Saturday, November 3, 2012

vCenter 5.1.0a: Rollercoasters and you

Hello,
So for the past week(!), I've been trying to get vCenter 5.1.0a installed for a certain environment and it has been an experience!

*NOTE FOR ANYONE NOT INTERESTED IN READING:  I want to give credit to a series of posts by Derek Seaman that I ended up using for reference.  They didn't end up solving (or having anything to do with) the problems experienced below, but they are well written and informative and I will refer to them in the future for a vCenter install.

For full disclosure, I did go in pretty blind.  I figured, I've been doing this for a while and pretty familiar with vcenter, lets just get the ISO going and see how it smells.  Well, when I saw multiple addons/prereq's, I realized it was a new beast.  Bear in mind, the current one is only 5.0 which was still the more traditional install.

At first, I tried to upgrade the current vCenter (running as a VM) and that blew up for some reason that I don't recall.  When I looked at the programs list though, there was a bunch of older version software (thanks for keeping 4.0, 4.1, 5.0 versions of the client installed) and honestly, that VM always felt a bit sluggish and the vcenter service would commonly not start.  So, I decided to move it to a different datastore and shut it down.

Before shutting it down, I deployed a new 2008 R2 vm from my template which I've used on many other machines. I took a snapshot of the vm at each stage while installing and was very methodical on installing the 3 different, check...4 different aspects to a modern vCenter install.
  1. Single Sign-On
  2. Inventory Service
  3. vCenter
  4. Web Client (supposedly optional, but required for 5.1 (and beyond) features...)
    1. Check out my other post on this subject
Moving on, after installing the first 2 without a hitch, vCenter would NOT install.  I kept getting this...
and then this...
 
So I when hitting up Giggle for the problem, I found a link saying to give the Network Service permissions on the C:\ drive and that would fix it. Admittedly, this did reference older 4.0 or 4.1 installs, but was my exact error # 28038.  Now, I don't know if you know this, but it is not trivial to modify the permissions on C:\Program Files, c:\Program Files (x86) or c:\Windows in 2008 R2...meaning it won't let you.  Specifically Administrators has special permissions set and "Change Permission" is not one of them; obviously neither is Full Control.  Based on that and considering the web wasn't blowing up about 5.1 on 2008 R2, I theorized this wasn't my answer.

The other suggestions were around "making sure its not a domain controller" and "remove the ADAM or AD LDS role" which neither was installed of course.  I kept seeing references to IPv6 for name resolution, but I've used DNS once or twice in my time, so that wasn't the problem (yes I did triple check all resolution directions just to make sure).  IPv4 worked fine, but so did IPv6; if you just ping the name on a 2008R2 server, often you will get a reply from the IPv6 addreess.

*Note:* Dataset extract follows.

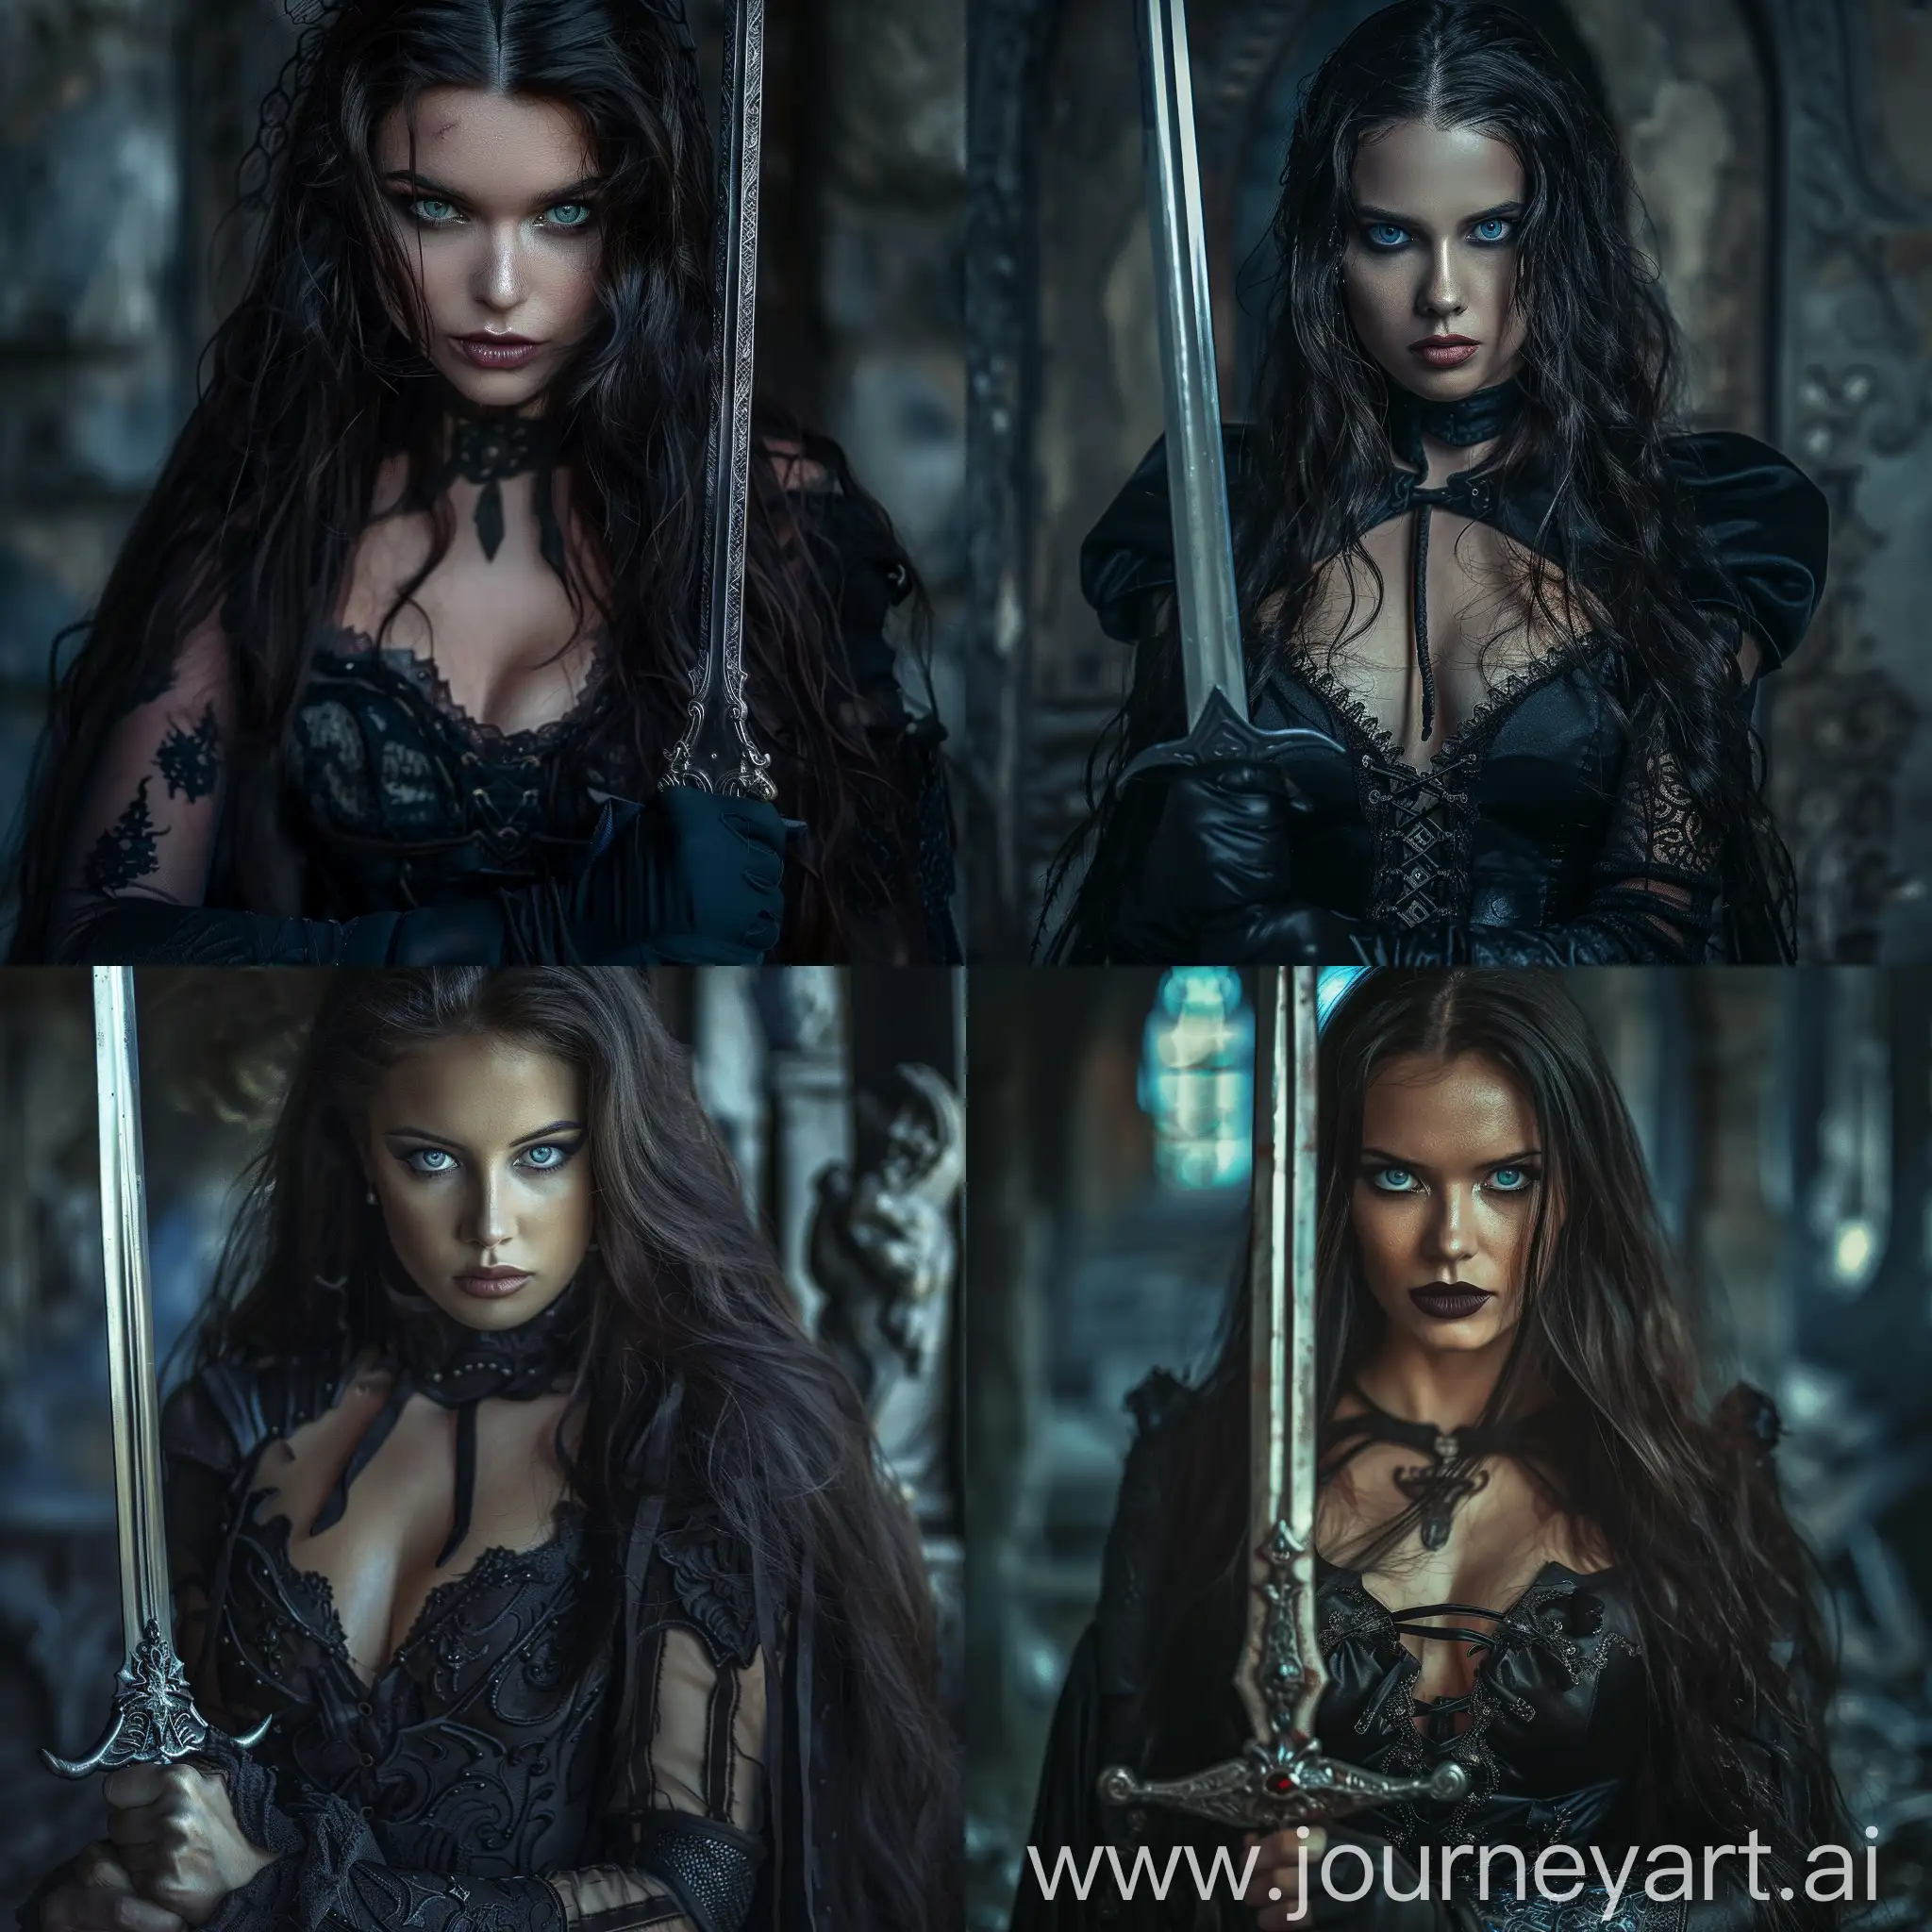 A captivating, ultra-realistic photo of a feminine warrior dressed in dark Gothic-inspired attire, showcasing her lean and muscular build. Her long, dark hair flows elegantly, and her intense blue eyes draw the viewer in. With a bold Gothic makeup look, she wields a sword in one hand, exuding a powerful and seductive aura. The dark fantasy setting, with its gloomy atmosphere, envelops her otherworldly presence, making her the focal point of the image., photo, dark fantasy

Another thing was that my template was fully patched as of 6/10/2012 or something, but in the Programs list, it had Visual 2008 or 2005 redistributable patches as well as Silverlight.  I couldn't imagine how any of that was screwing this, but I uninstalled them anyway, but that didn't fix the install.

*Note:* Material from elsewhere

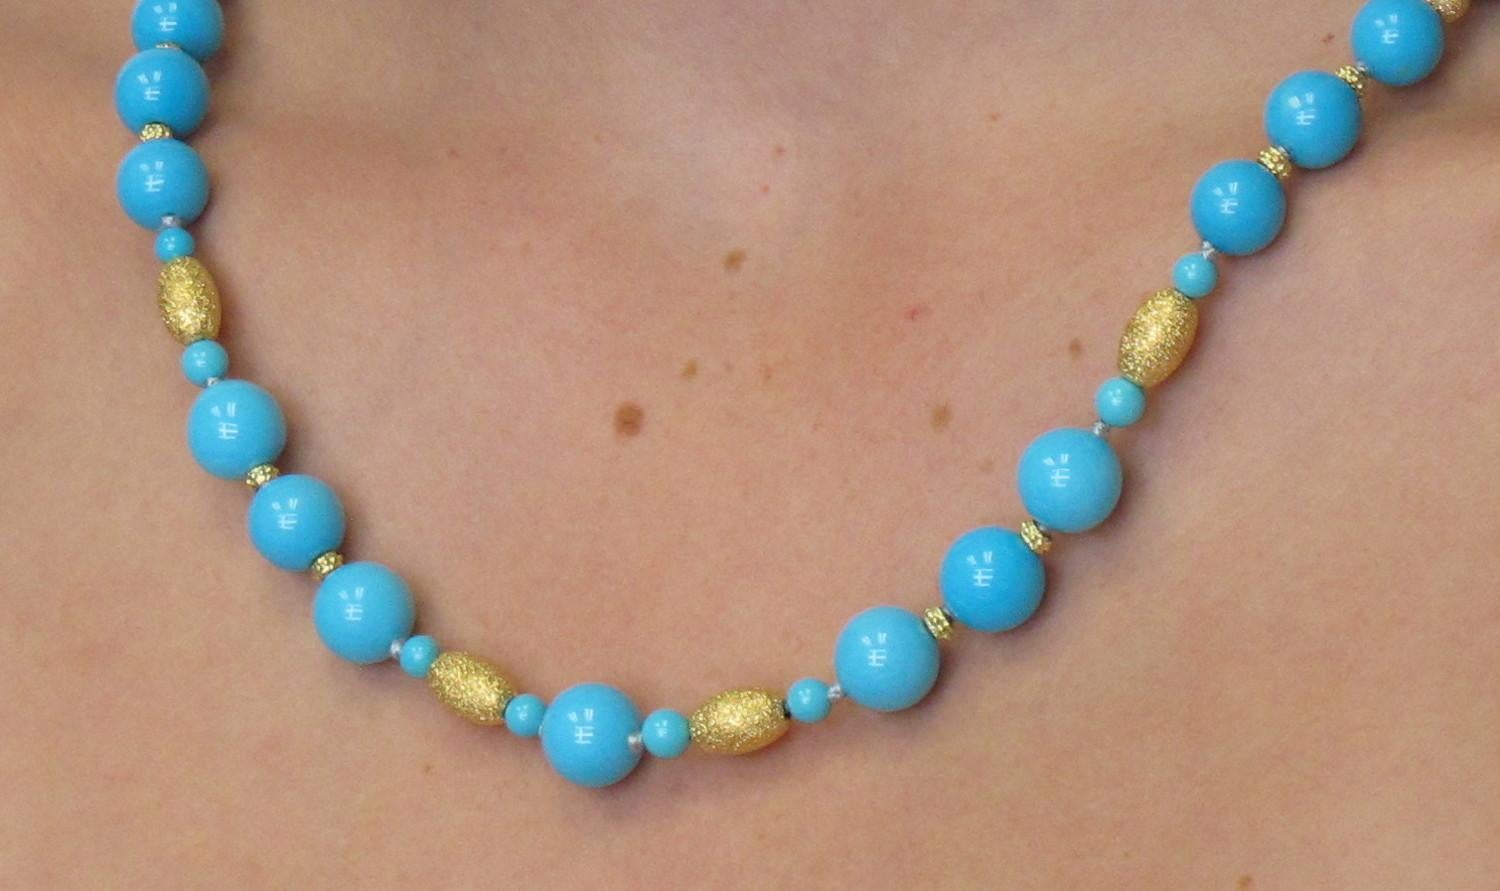 Turquoise from the Sleeping Beauty Mine is the best quality turquoise you can buy. This beautiful turquoise strand is quite rare and its' robin's-egg-blue color speaks for itself. The necklace is completed by the tasteful addition of 14K yellow gold

So...I was stumped and it was 2am.  I had 2 choices...completely registry-disable IPv6 and/or completely rebuild.  I of course was tired of screwing around and rebuilt.  Again very methodical...snapshots at each stage.  I didn't even patch the server...just install os, install vmware tools, configure IP, add to domain, and then start vcenter install. 

This time I chose the simple install considering I was doing just that.  Guess what...worked no problem including the web client install (which previoulsy had not worked due to some other variable I can't remember)! I suspect that either a patch was getting in the way or one of the pre-setup bits I had done on the template had somehow screwed it up.

So, sometimes punting really is the best and only choice.

Go Pats!

Again, for anyone looking for a very descriptive walkthrough of a 5.1 vCenter install, please reference Derek Seaman's 796000 step process to installing vCenter 5.1.0a! (its really only 13).